Qu’est-ce qui t’as poussé à t’intéresser à l’astrologie ?

Je ne m’y suis pas intéressée directement. En fait, je l’ai retrouvée très régulièrement en faisant des études de sciences humaines, où on étudie beaucoup d’Histoire de l’Art. J’ai aussi fait de la philo, on s’intéressait à la fantaisie, à la mythologie, à la science-fiction. Tu es vite confronté.e aux grands mythes fondateurs qui sont quand même la base de l’astrologie. Parce que moi je parle d’astrologie mais je ne fais pas vraiment d’astrologie. Et puis quand j’étais plus jeune, j’étais passionnée par le rayon ésotérique de la bibliothèque, car oui, petits, nous avons vécu sans internet. C’était un endroit un peu mystérieux, peu fréquenté, mais j’ai eu une fascination enfantine pour la narration de ce qui est caché

 

 

Quelle est ta vision de l’astrologie ? Qu’est-ce que ça veut dire pour toi ? 

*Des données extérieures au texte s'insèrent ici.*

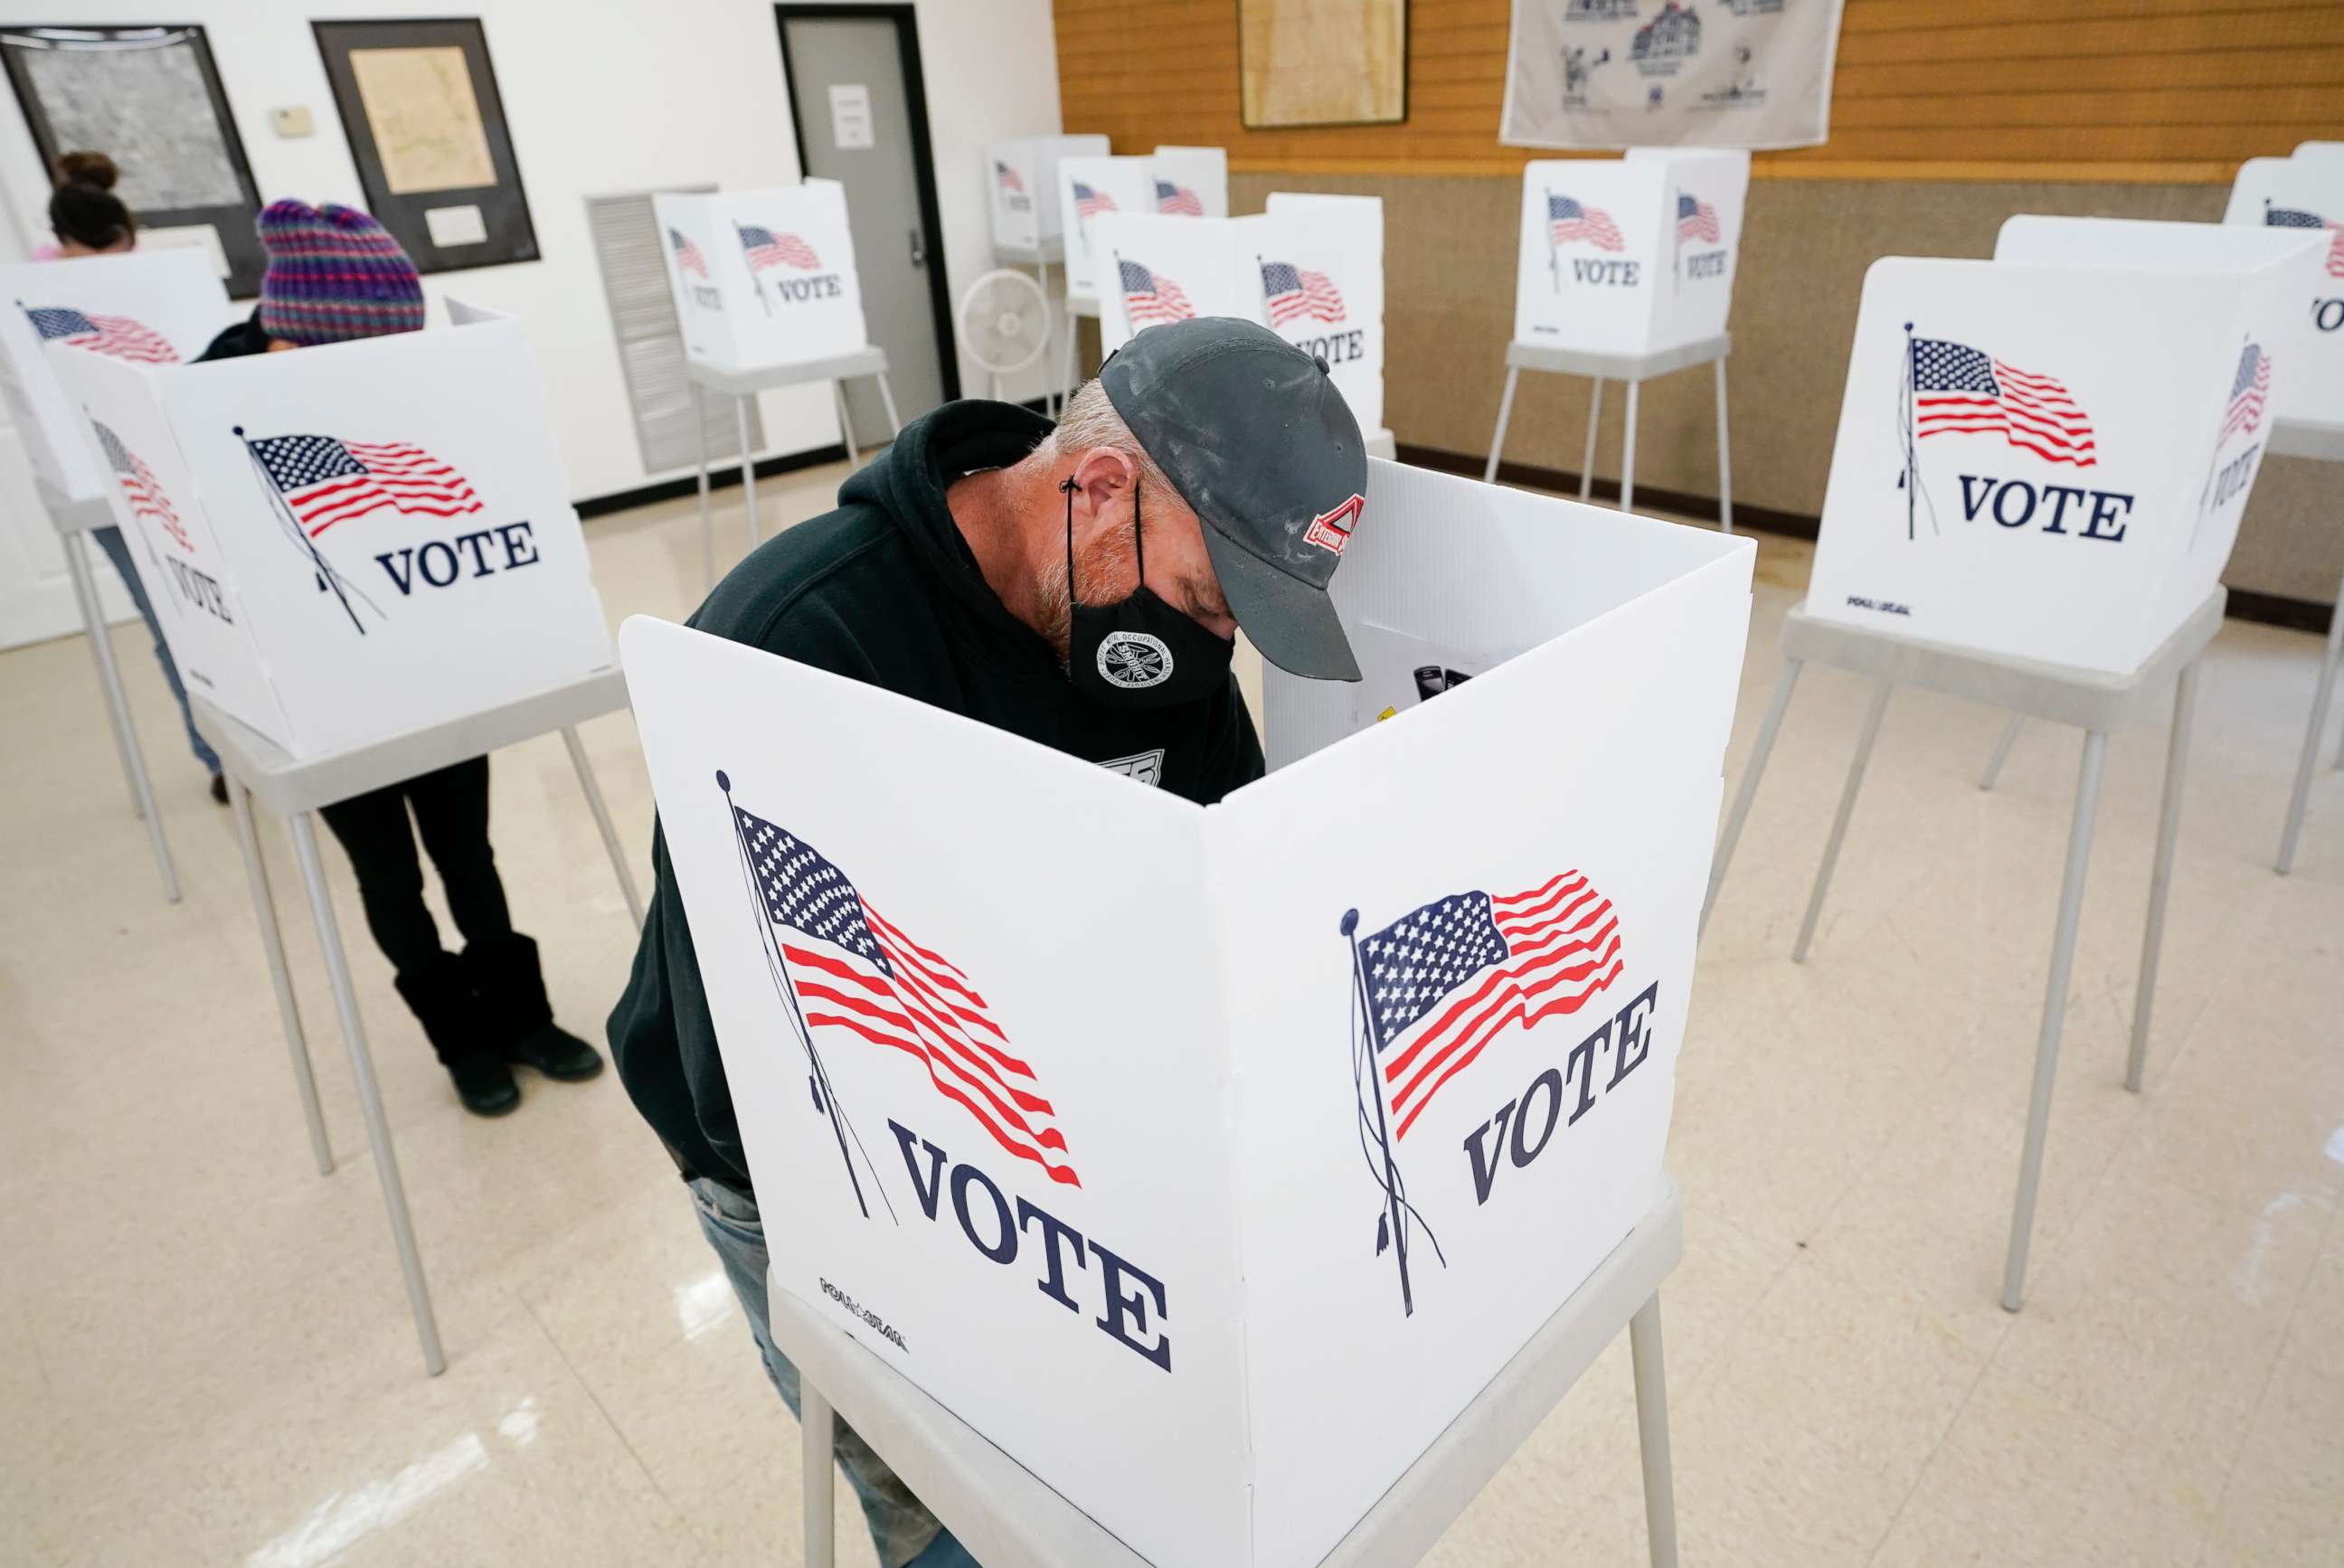 PHOTO: Chris Helps, of Earlham, Iowa, fills out his ballot during early voting, Tuesday, Oct. 20, 2020, in Adel, Iowa.

Pour moi, c’est avant tout un média qui va me permettre de raconter des histoires. Donc je n’ai pas de vision globale sur le sujet, j’ai appelé mon compte “Astrotruc” parce que ce que je fais est très hybride. Moi, je suis pas astrologue. On me le demande souvent en interview mais moi je ne lis pas d’horoscopes, je n’ai pas Co-star. En fait, je ne crois pas à l’astrologie. C’est un langage que j’utilise à des fins narratives, comme je pourrais utiliser le langage sociologique, philosophique… On essaie tous de raconter quelque chose, mais qu’est-ce qu’on utilise comme langage pour raconter son histoire ? Je ne suis pas consommatrice d’astrologie, je sais que c’est paradoxal. Je ne vais pas cracher dans la soupe, mais je ne suis pas quelqu’un qui vit l’astrologie au quotidien. Je ne crois pas que les planètes influencent notre destin, si tant est qu’il y ait un destin. (Rires)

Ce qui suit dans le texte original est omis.